И внезапно, не закрывая тамбура, Константин повернулся и, расталкивая бочки с капустной вонью, вбежал в дом; потом, хватаясь за расшатанные перила, бросился по лестнице вверх, а в комнате не сразу нашел висевшую на спинке стула куртку, надел шапку и после этого, переводя дыхание, услышал какие-то звуки в коридоре. Приближались шаги. Рука со спичкой вползла в комнату; ничего не понимающее, помятое лицо Акимова смотрело на Константина поверх огонька, голос был заспан, звучал обыденно:
— Что за шум? Свет зажги… Илья приехал? Ты куда?

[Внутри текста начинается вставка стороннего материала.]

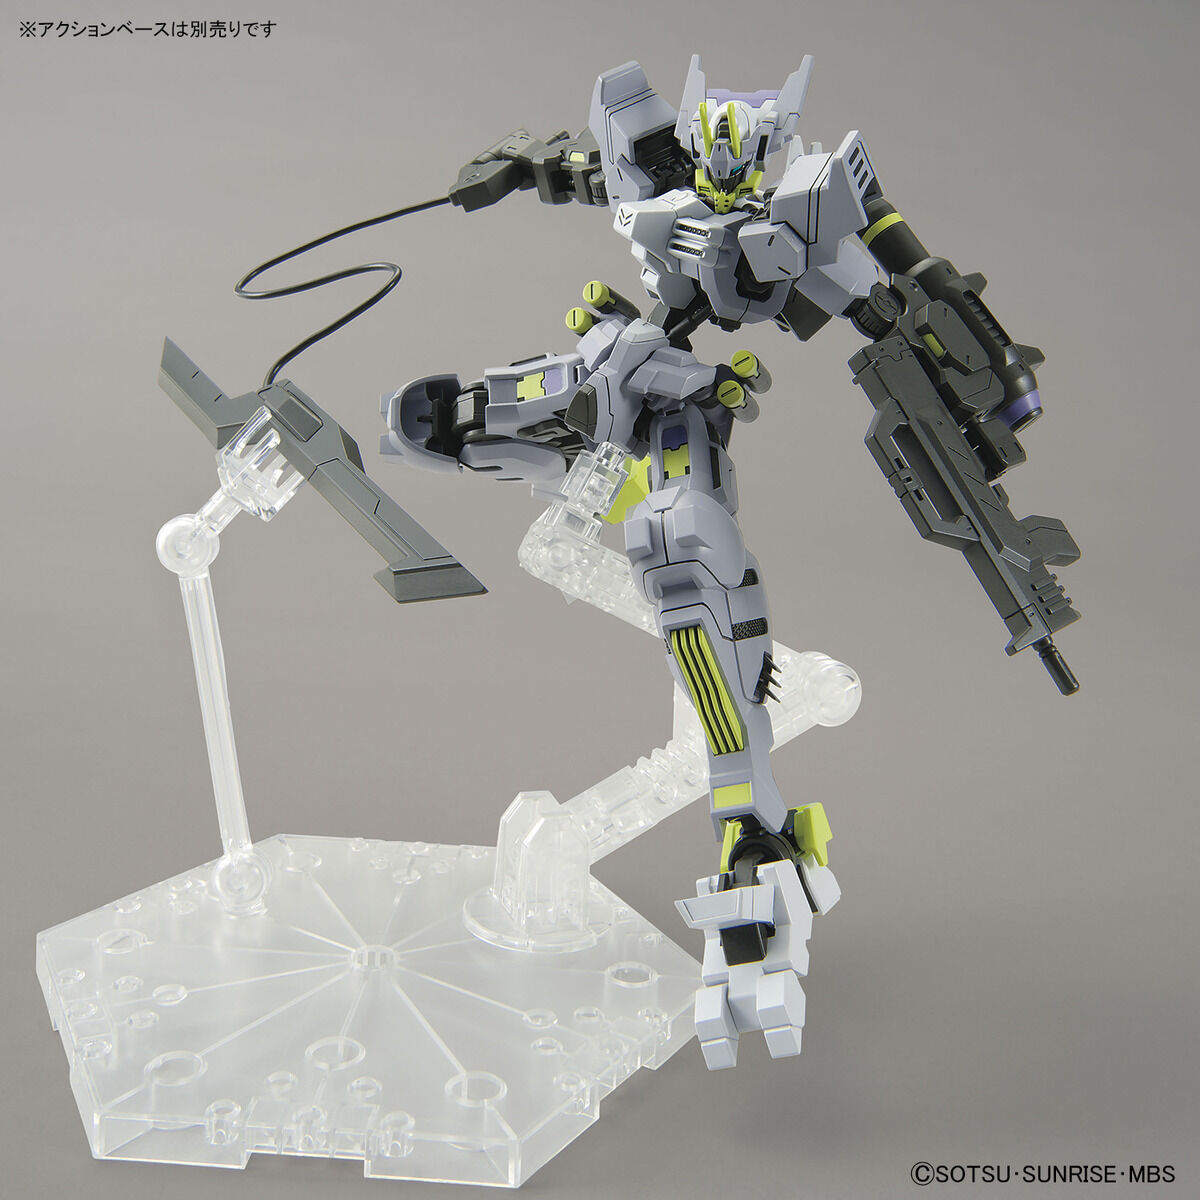 HG 1/144 Gundam Asmoday - Glacier Hobbies - Bandai

— Тут звонил кто-то, — проговорил Константин. — Я в Москву!..
— Ку-да-а? Кто звонил?.. Бывает, звонок от ветра работает… Михеев не приехал?
— Я — в Москву.
— Ку-уда в Москву? Электрички нет до утра!

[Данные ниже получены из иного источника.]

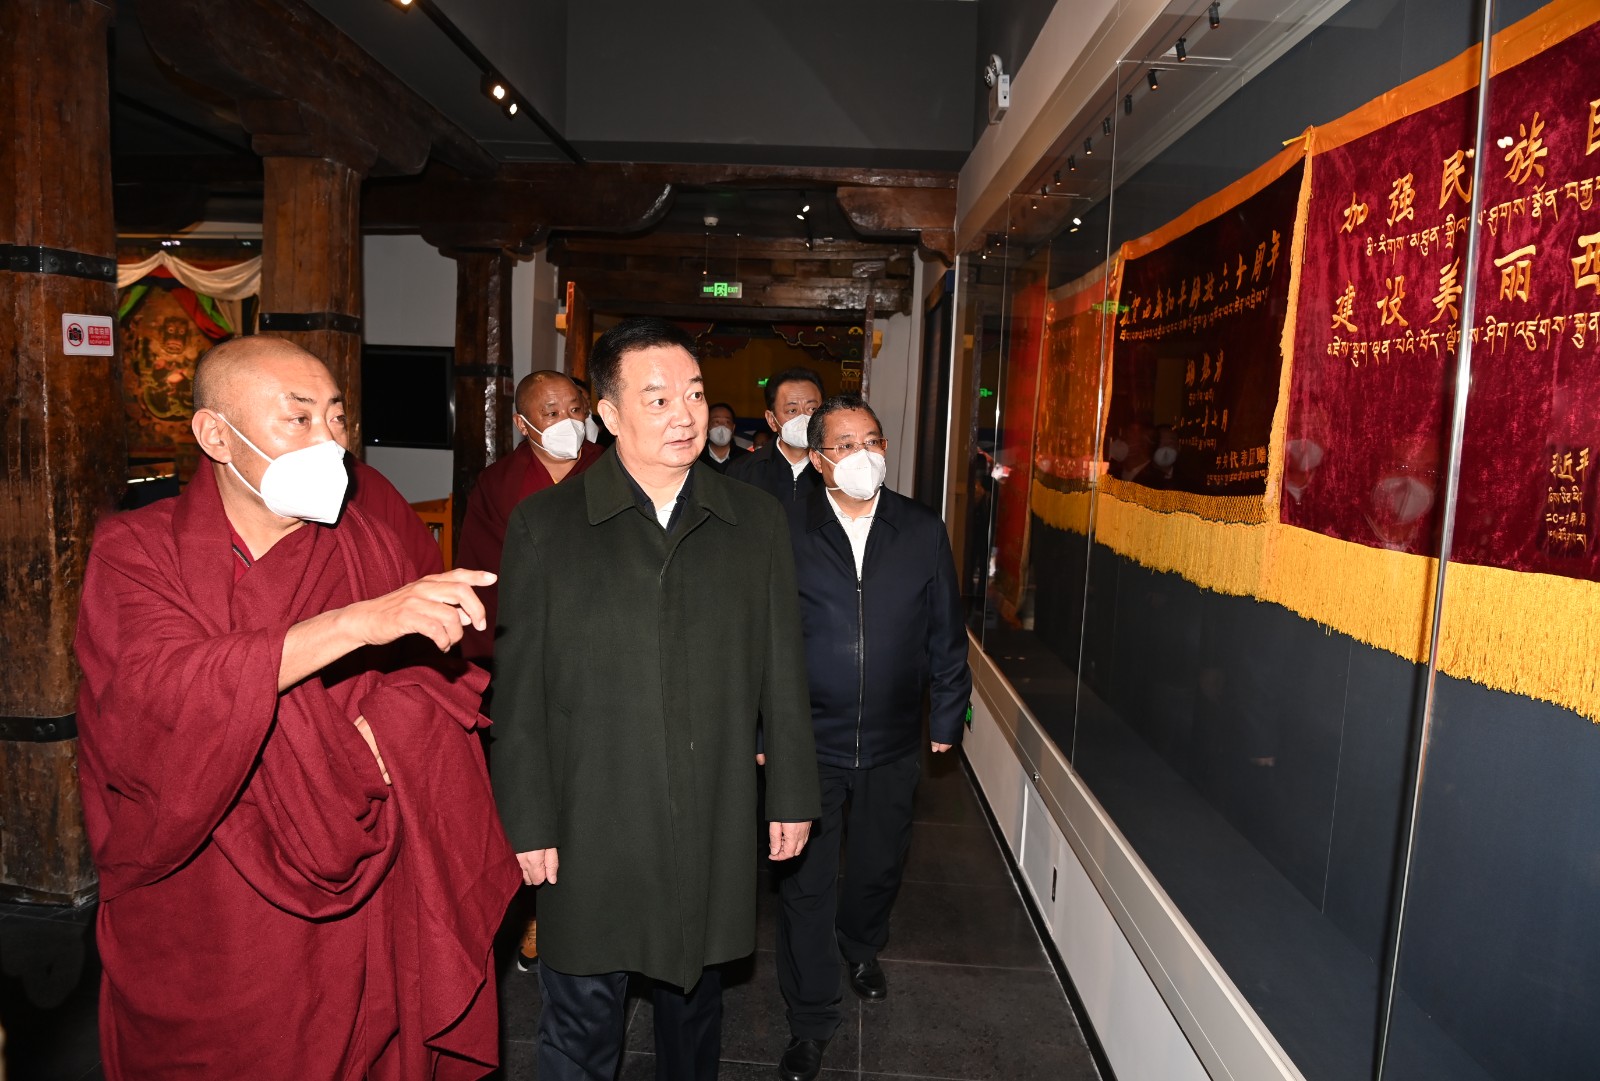 王君正在拉萨市调研督导时强调 团结一心 共同奋斗 再接再厉 努力开创社会主义现代化新西藏建设新局面

— Доберусь на товарном. Будь здоров!
И, уже не слушая, что кричал в спину Акимов, он сбежал по лестнице и выскочил, прыгая по ступеням крыльца, на снег, в навалившуюся на него ветреную стужу. И торопливо пошел, побежал к калитке, угадывая ногами скользкую тропку меж сугробов.
В поселке не горело ни одного огня.
Под ветром подвывали в небе провода, иголочки снега, срываемые с деревьев, резали разгоряченное и потное лицо Константина. Он бежал по темным и заметенным улочкам поселка — наугад, к станции.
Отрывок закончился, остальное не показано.